Дыхательная трубка входит в горло. Обтянутые латексом руки цепляют на грудь электроды кардиографа.
– Несколько минут назад произошла остановка дыхания.
– Имя узнали?
– Сейчас, тут бумажник. Станислав Спасский. О, Боже! Это что же…
– Тот самый?!
– Не отвлекайтесь! Согласие на «керзац» подписано?
– Сейчас, дайте… Нет, нету!
– Как это нету?!
– Надо связаться с родственниками…
– Погодите! У нас какой-то Спасский работает, я слышал вроде родно…
– Беги за ним, быстро!
– Давление двести двадцать на девяносто…
– 3-зараза!
– Подключаемся к системе искусственного кровообращения…
– Давление растет! Систолическое – двести тридцать!
– Фибрилляция!
– Давление падает!
– Электрошок на четыре тысячи… От стола!
– Без изменений…
– Пять тысяч… Все назад!
– Нет пульса!
– Еще раз! Все в стороны!!!
Кто-то другой наблюдает за происходящим со стороны. Или может это последние вспышки умирающего рассудка? Я много раз видел, как это бывает, много раз участвовал в этом. Но только находился не на столе, а возле него – с контактами наготове, с закушенными под марлевой повязкой губами, с взмокшим под надвинутой шапочкой лбом, в запотевших защитных очках, со скальпелем и секционным ножом, с реберным расширителем и тампоном в зажиме, с раскрытой картой и шелестящей лентой диаграммы в руках, с переполненной «уткой» наголо – как угодно, но ВОЗЛЕ стола, а не НА столе.
Ломаная линия кардиографа, которая превращается в прямую, запах паленого мяса.
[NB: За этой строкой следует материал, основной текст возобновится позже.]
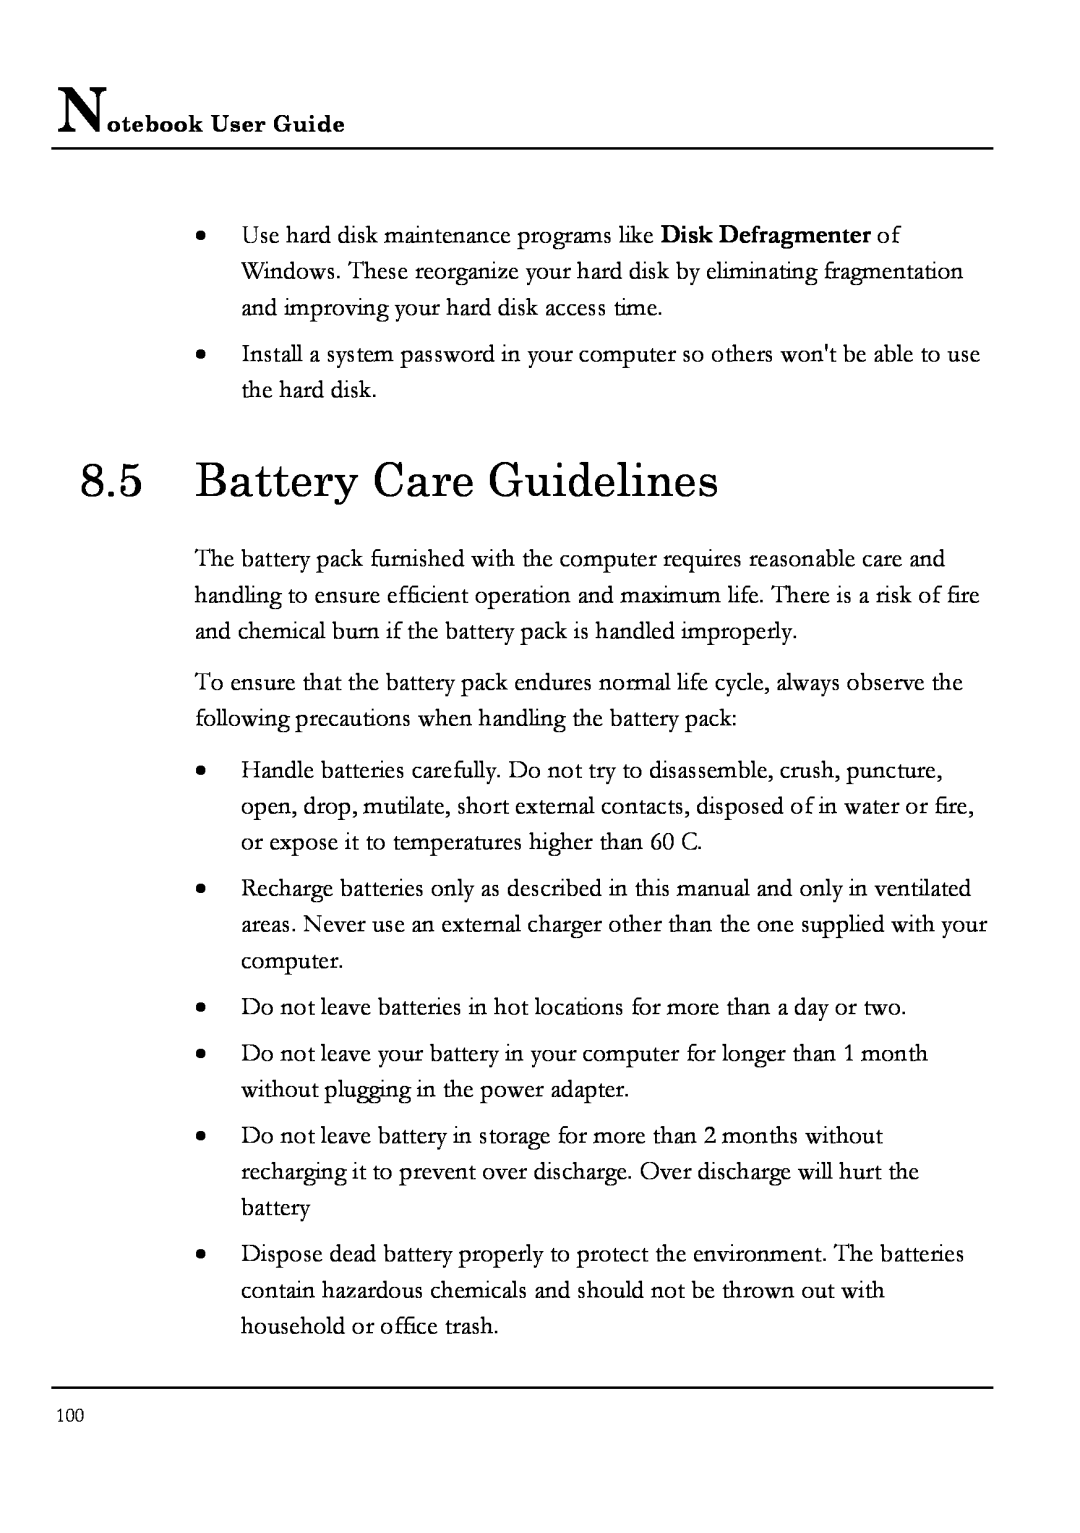 Everex NM4100W, NM3700W, NM3500W, NM3900W manual Battery Care Guidelines

Контакты в сторону, руками на грудь, непрямой массаж сердца. Мгновения уходят, монотонный электронный писк.
– Все.
– Запишите – смерть наступила в девятнадцать часов пятнадцать минут.
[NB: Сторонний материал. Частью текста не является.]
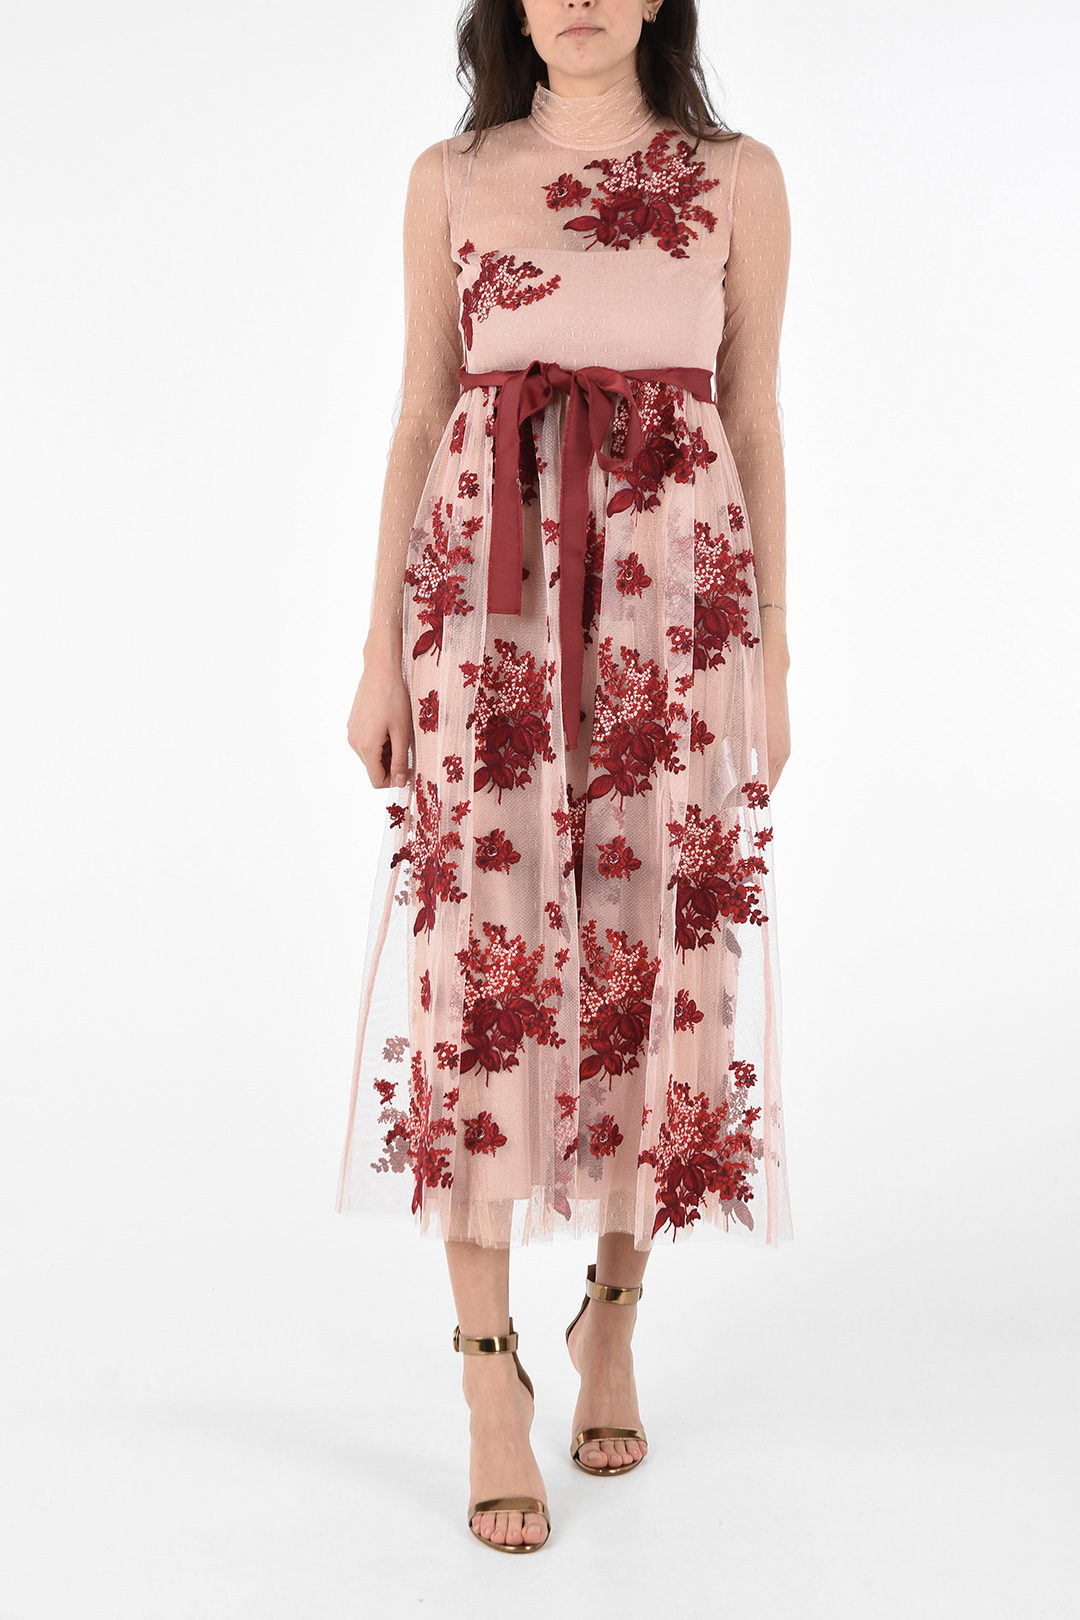 Red Valentino Floral Embroidered Long

Щелкают стягиваемые с рук перчатки. Каталка стучит колесами по кафелю.
Лязг раздвигаемых дверей.
– ГДЕ ОН???
– Кого вам?
– Где Спасский?!
– А, увозят уже. А вы из «керзац»? Кто вас вызвал? У него согласие не подписано.
– Это я его вызвал! Он родственник.
– Извините, не знал… Так куда, в морг?
– К нам в отделение везите его. Срочно!
– А согласие?
– Это же Спасский, это он… Он же у истоков стоял! А в бумагах ничего…
– Странно. Как если б Эдисон при свечах писал.
– Разбегаев, помолчи… Забирайте его. Только степень родства уточним давайте, и подпись ваша нужна. Вы ему кто?
– Я его дед.
– Кх-кх… то есть, как? Но вы так молодо…
– Несчастный случай. Четыре с половиной года назад. Тоже через «керзац» пропустили.
– А, извините.
– Ничего. Я привык… Ладно, я сам его к нам отвезу. Подпись тут?
– Да, где галочка…
– Ну, счастливо.
…вокруг ярко, светло. В просветах штор на окнах виднеется что-то зеленое, солнышко там светит. Вокруг белые стены, какие-то штуки торчат непонятные, экраны какие-то. Проводки разноцветные кругом. Весь я в этих проводках, и поверх одеяла, и под ним, и от меня они тянутся – и под кровать, и к какой-то бутыли длинной, которая стоит на длинном штыре слева.
И больше всего на свете хочется пить.
Губы слиплись, в горле печет.
– Пи-и-ить!
Выросли откуда-то двое здоровенных. Один лысый и в белом, а второй – в зеленом, лохматый, краснощекий, с какой-то штуковиной на шее. Блестящий кругляш с одной стороны, провод, и с другой рогатка блестючая. В руках он держит коричневого урода. Вот уж непонятно для чего такое понадобиться может! Он кажется знакомым – нет, не урод, а дядька этот в зеленом, с красными щеками.
– Дяденька, пить хочется!
– Нельзя, Славка! – говорит зеленый-лохматый сочувственно, сдвинул одеяло, вставил себе эту блестючую рогатку в уши, а кругляш мне к груди приложил.
– Холодно!
– Потерпи, дорогой. Потерпи немножко… На вот… Тычет мне своего урода.
– Что это? – спрашиваю.
– Это же Штурман, – скалится зеленый, подмигивает. – То есть… Тотопка же твой. Узнаешь?
Не узнаю. «Попка» еще какая-то, глупости блинские!
– Пить очень хочется, – повторяю я просительно.